A good example implementation of the modular type would be in computing compass bearings. Most compasses use a system of degrees that range from 0 degrees (North) to 359 degrees. It is useful that when a calculation reaches a heading of 359 degrees that it wrap back around to 0 degrees. Similarly, when a clock reaches 2400 hours, it should wrap back around to 0 hours and start over.
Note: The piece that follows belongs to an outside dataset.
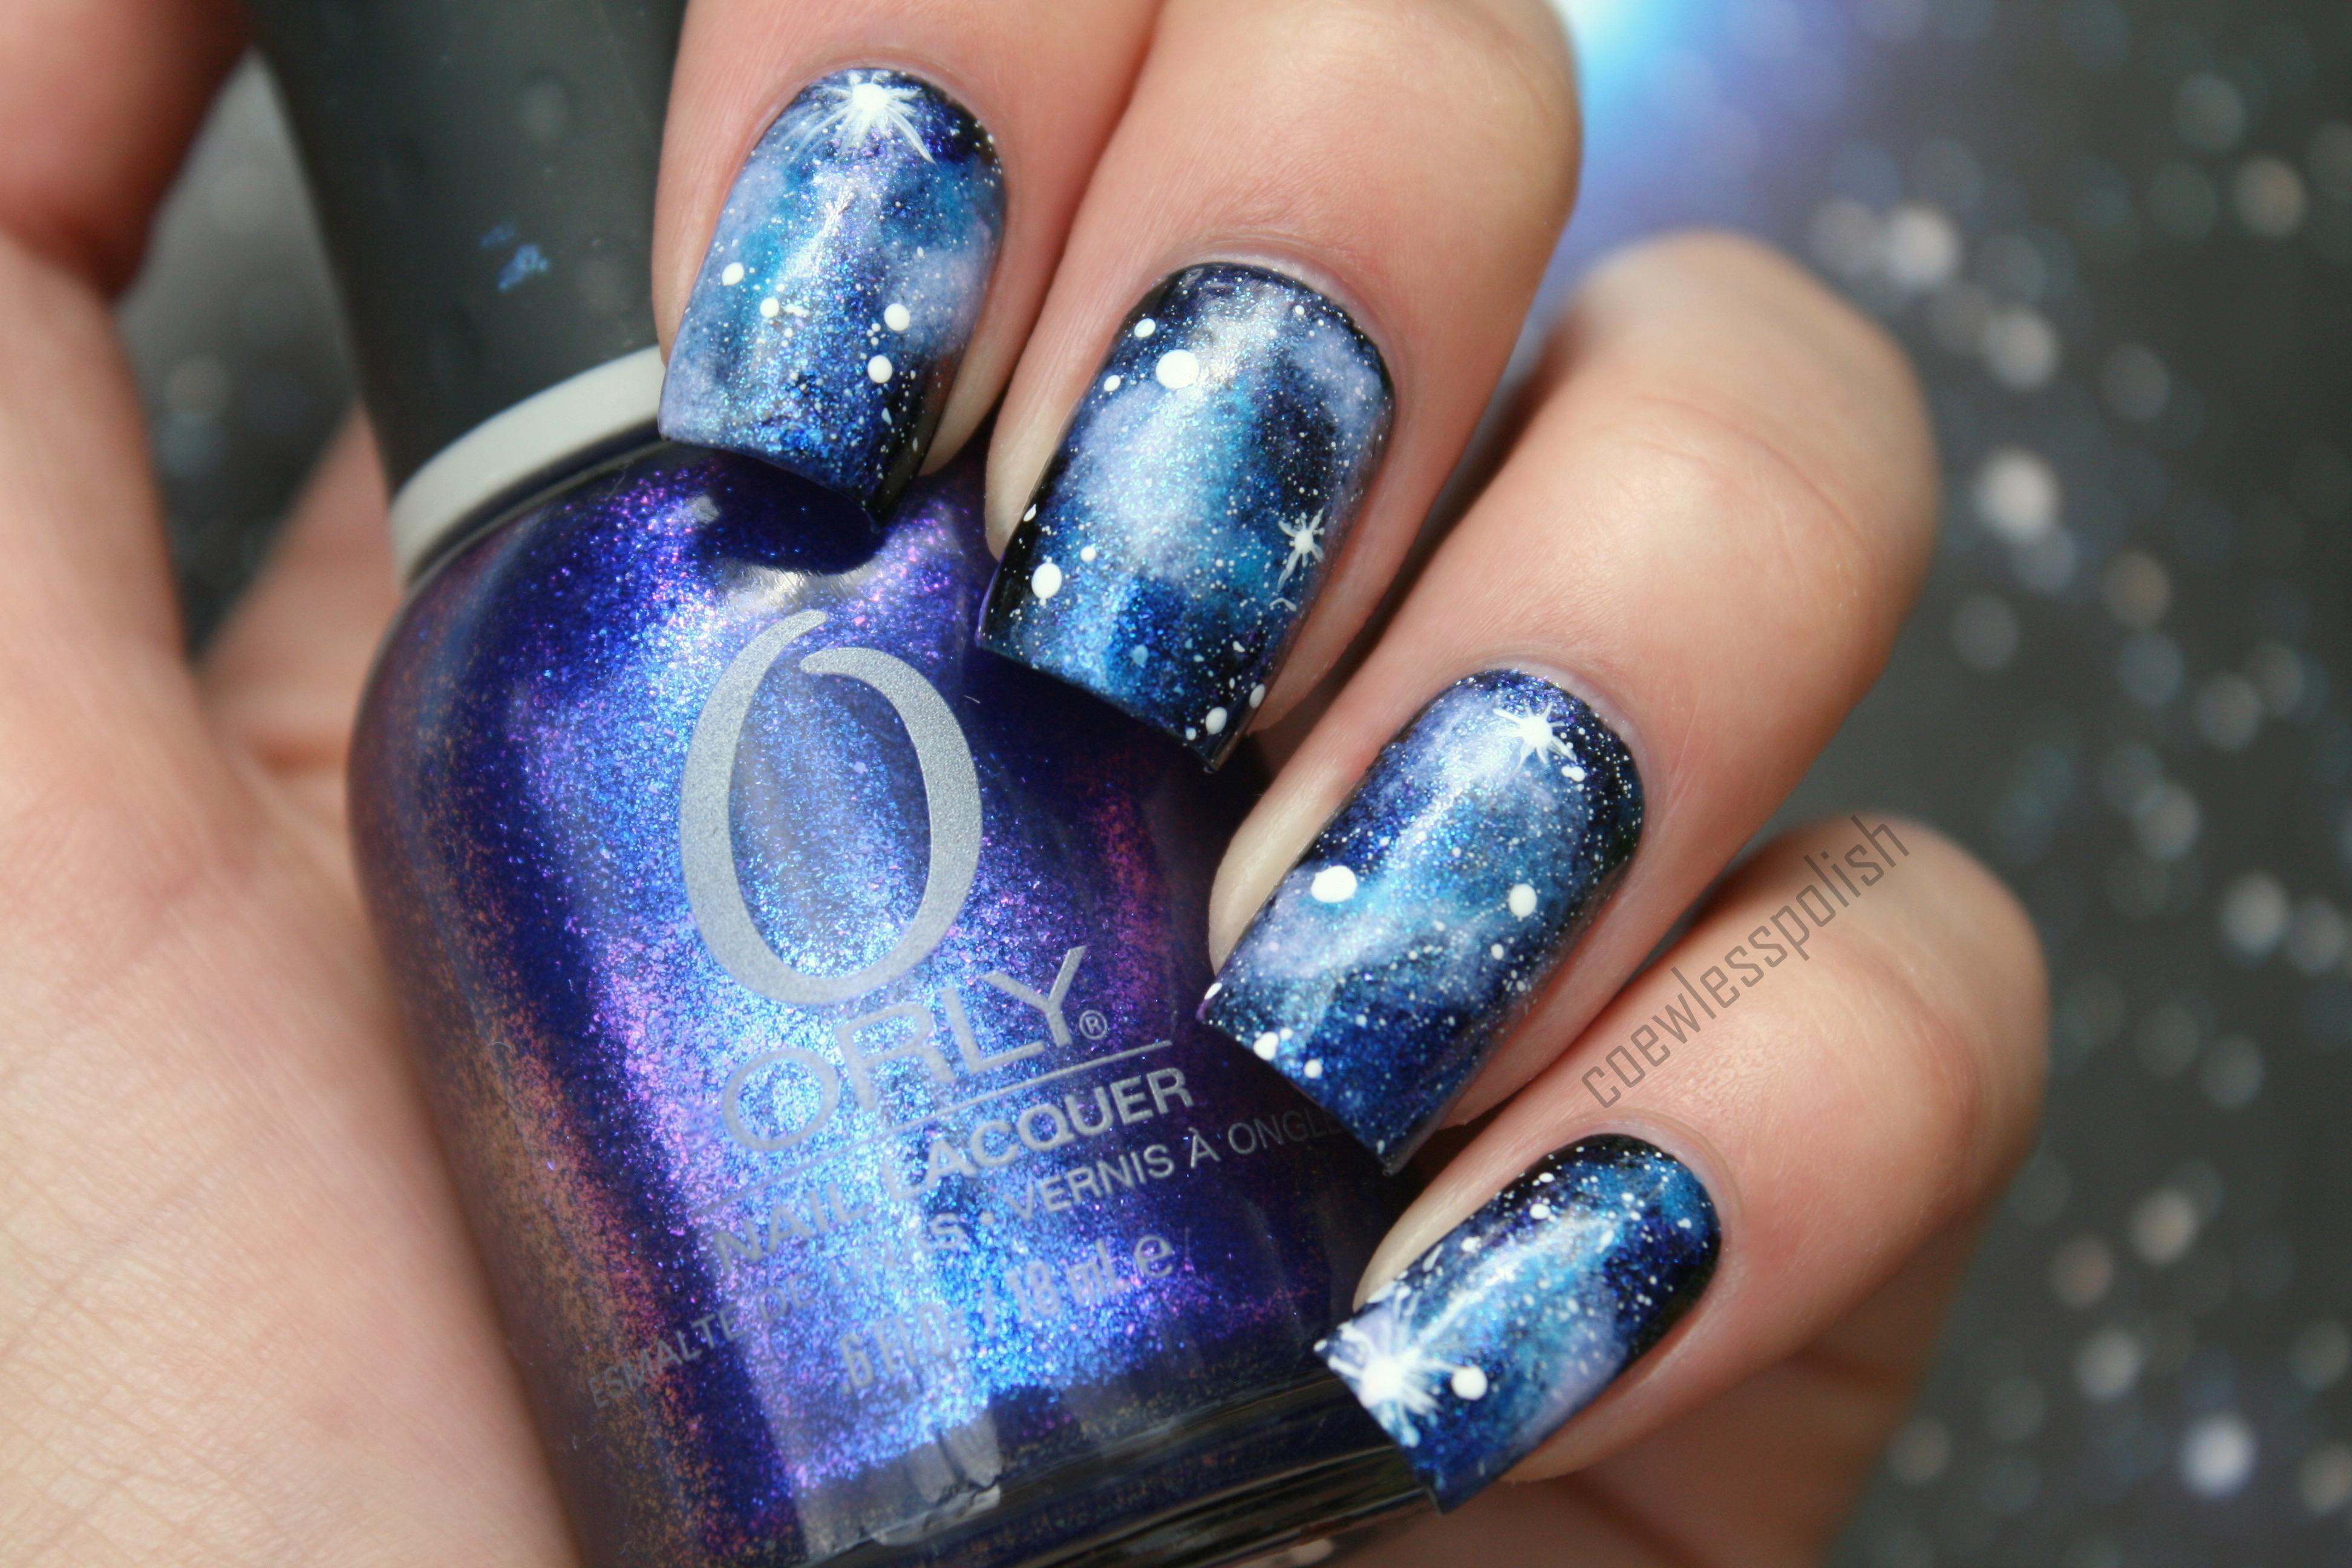 Galaxy Nail Art In Addition Galaxy Nail Art As Well As Galaxy Nail Art

Examples of modular type declarations and elaboration are shown here.

type time_val is modular {0 to 24}       ~ Constrained modular type declaration
  var x : time_val = 10                  ~ Initialized variable object
  var y : time_val                       ~ Uninitialized variable object
var index : modular {0 to modular`last}  ~ Constrained modular variable
var z : time_val = 26                    ~ z is assigned a value of 2 (26 % 24)
var z : time_val = -5                    ~ z is assigned a value of 19 (24 - (abs(-5) % 24))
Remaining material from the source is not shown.